__Material for this task__.
• • • •

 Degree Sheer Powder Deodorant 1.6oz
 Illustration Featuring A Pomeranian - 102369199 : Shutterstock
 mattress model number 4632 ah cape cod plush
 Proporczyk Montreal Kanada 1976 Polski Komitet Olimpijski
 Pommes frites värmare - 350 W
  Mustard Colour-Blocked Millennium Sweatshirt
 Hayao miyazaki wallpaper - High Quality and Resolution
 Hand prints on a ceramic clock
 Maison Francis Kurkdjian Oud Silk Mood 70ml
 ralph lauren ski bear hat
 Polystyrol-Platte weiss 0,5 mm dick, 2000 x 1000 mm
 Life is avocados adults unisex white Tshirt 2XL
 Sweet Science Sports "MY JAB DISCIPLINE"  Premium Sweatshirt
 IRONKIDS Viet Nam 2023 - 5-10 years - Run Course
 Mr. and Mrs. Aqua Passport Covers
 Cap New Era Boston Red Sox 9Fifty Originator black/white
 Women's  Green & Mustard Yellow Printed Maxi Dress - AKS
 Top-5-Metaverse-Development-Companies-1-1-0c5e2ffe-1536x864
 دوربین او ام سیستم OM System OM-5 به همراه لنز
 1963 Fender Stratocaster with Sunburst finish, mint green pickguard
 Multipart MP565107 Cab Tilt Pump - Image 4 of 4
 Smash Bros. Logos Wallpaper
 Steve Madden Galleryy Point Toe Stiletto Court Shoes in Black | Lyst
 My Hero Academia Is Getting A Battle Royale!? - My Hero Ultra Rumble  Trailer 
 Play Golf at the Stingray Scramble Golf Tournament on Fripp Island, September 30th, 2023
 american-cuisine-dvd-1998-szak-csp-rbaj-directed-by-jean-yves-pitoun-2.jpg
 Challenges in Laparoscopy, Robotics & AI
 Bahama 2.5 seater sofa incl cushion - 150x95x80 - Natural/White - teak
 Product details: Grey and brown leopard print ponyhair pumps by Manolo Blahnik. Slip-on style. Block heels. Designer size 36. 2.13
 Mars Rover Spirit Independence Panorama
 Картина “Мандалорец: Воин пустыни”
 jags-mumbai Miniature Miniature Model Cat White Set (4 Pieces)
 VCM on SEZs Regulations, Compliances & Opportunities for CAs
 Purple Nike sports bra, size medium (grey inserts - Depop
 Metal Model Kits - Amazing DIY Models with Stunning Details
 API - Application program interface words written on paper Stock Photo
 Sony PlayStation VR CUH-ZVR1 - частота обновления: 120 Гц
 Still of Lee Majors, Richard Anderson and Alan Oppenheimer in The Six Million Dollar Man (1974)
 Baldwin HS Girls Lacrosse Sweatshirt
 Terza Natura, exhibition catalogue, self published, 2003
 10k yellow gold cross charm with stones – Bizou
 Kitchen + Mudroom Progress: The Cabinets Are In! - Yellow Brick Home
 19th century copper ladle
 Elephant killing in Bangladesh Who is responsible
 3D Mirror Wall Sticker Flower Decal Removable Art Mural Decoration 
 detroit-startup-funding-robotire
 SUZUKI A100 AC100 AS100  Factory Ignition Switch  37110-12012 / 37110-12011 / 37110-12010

• • • •

__Work to be completed__. In the material above, transcribe exactly the lines beginning at the one with "Metal Model Kits" and ending at the one with "Elephant killing in", both included.

__Written answer__.
 Metal Model Kits - Amazing DIY Models with Stunning Details
 API - Application program interface words written on paper Stock Photo
 Sony PlayStation VR CUH-ZVR1 - частота обновления: 120 Гц
 Still of Lee Majors, Richard Anderson and Alan Oppenheimer in The Six Million Dollar Man (1974)
 Baldwin HS Girls Lacrosse Sweatshirt
 Terza Natura, exhibition catalogue, self published, 2003
 10k yellow gold cross charm with stones – Bizou
 Kitchen + Mudroom Progress: The Cabinets Are In! - Yellow Brick Home
 19th century copper ladle
 Elephant killing in Bangladesh Who is responsible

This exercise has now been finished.